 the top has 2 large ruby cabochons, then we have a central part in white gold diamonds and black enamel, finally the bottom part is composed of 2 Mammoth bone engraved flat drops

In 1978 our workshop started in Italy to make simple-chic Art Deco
* * *
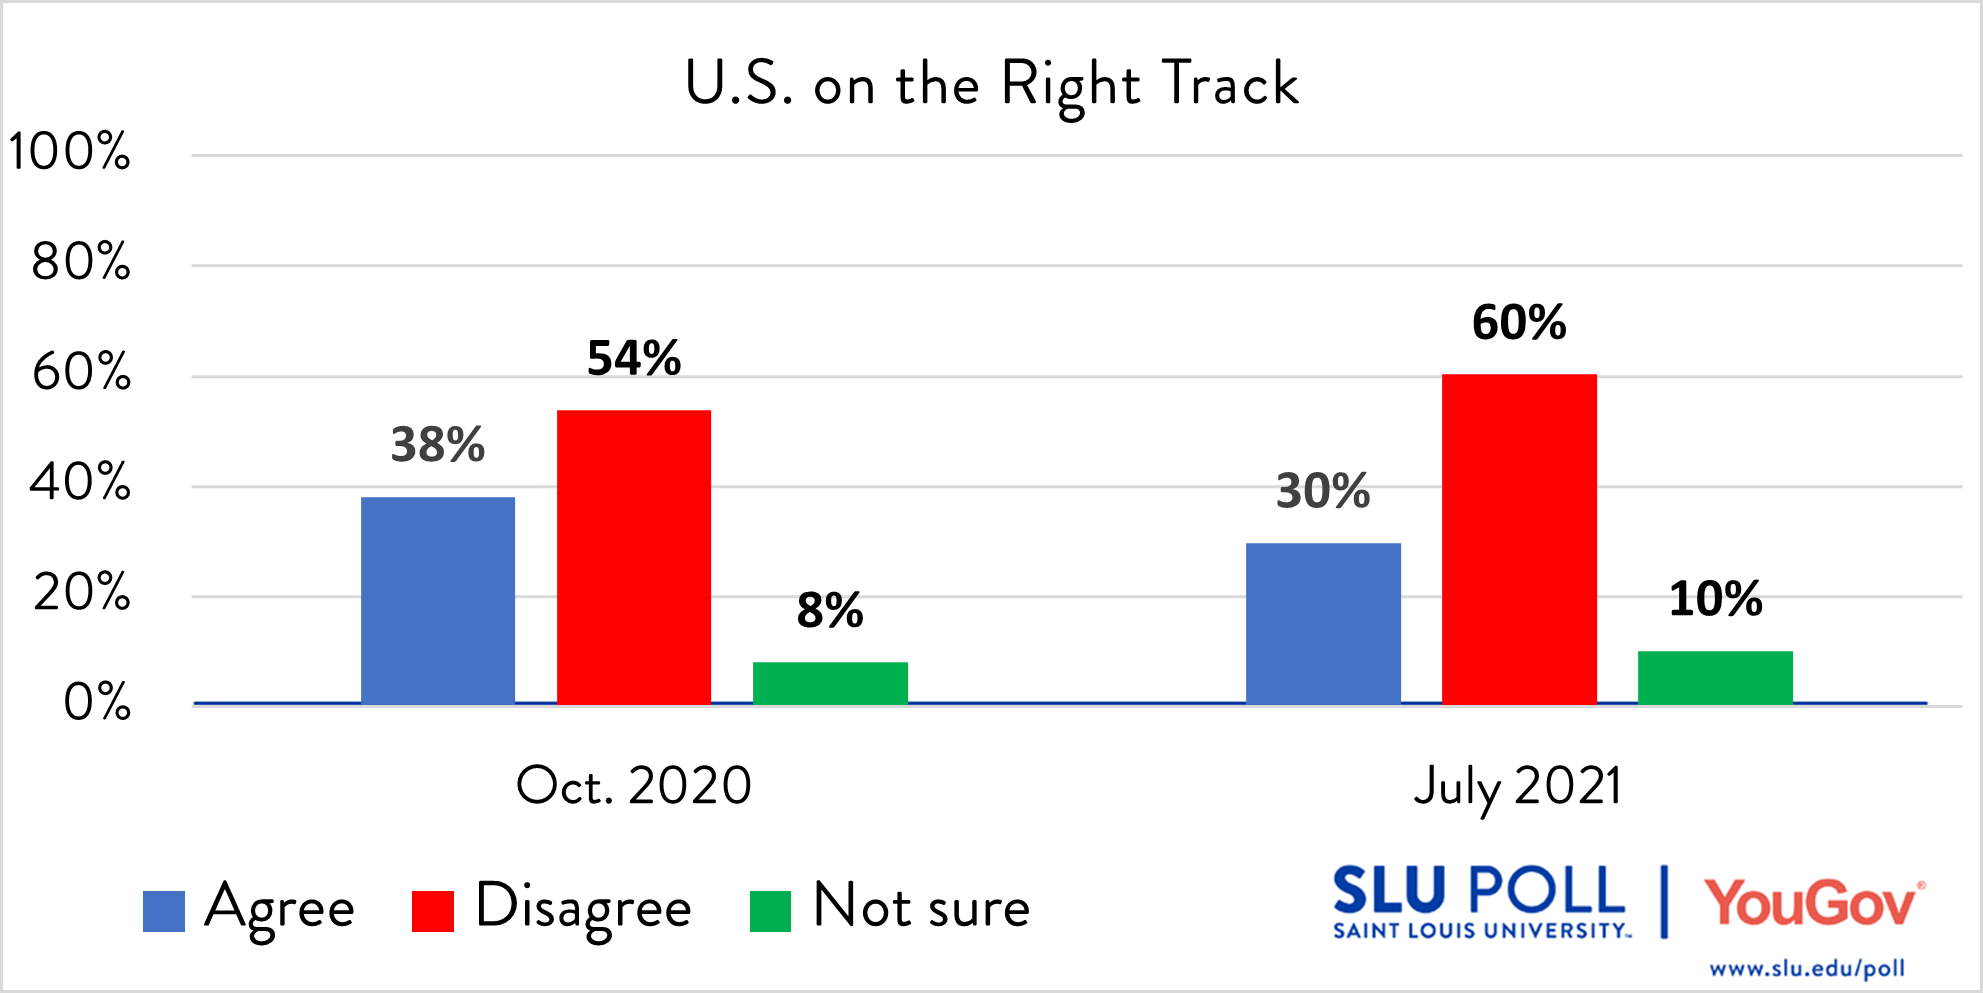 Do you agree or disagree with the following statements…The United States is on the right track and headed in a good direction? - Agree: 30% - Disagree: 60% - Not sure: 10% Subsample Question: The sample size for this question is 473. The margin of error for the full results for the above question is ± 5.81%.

What this task involves:
Within the material above, copy exactly the lines from the line that holds "the top has" up to and including the line that holds "In 1978 our".

Solution:
 the top has 2 large ruby cabochons, then we have a central part in white gold diamonds and black enamel, finally the bottom part is composed of 2 Mammoth bone engraved flat drops

In 1978 our workshop started in Italy to make simple-chic Art Deco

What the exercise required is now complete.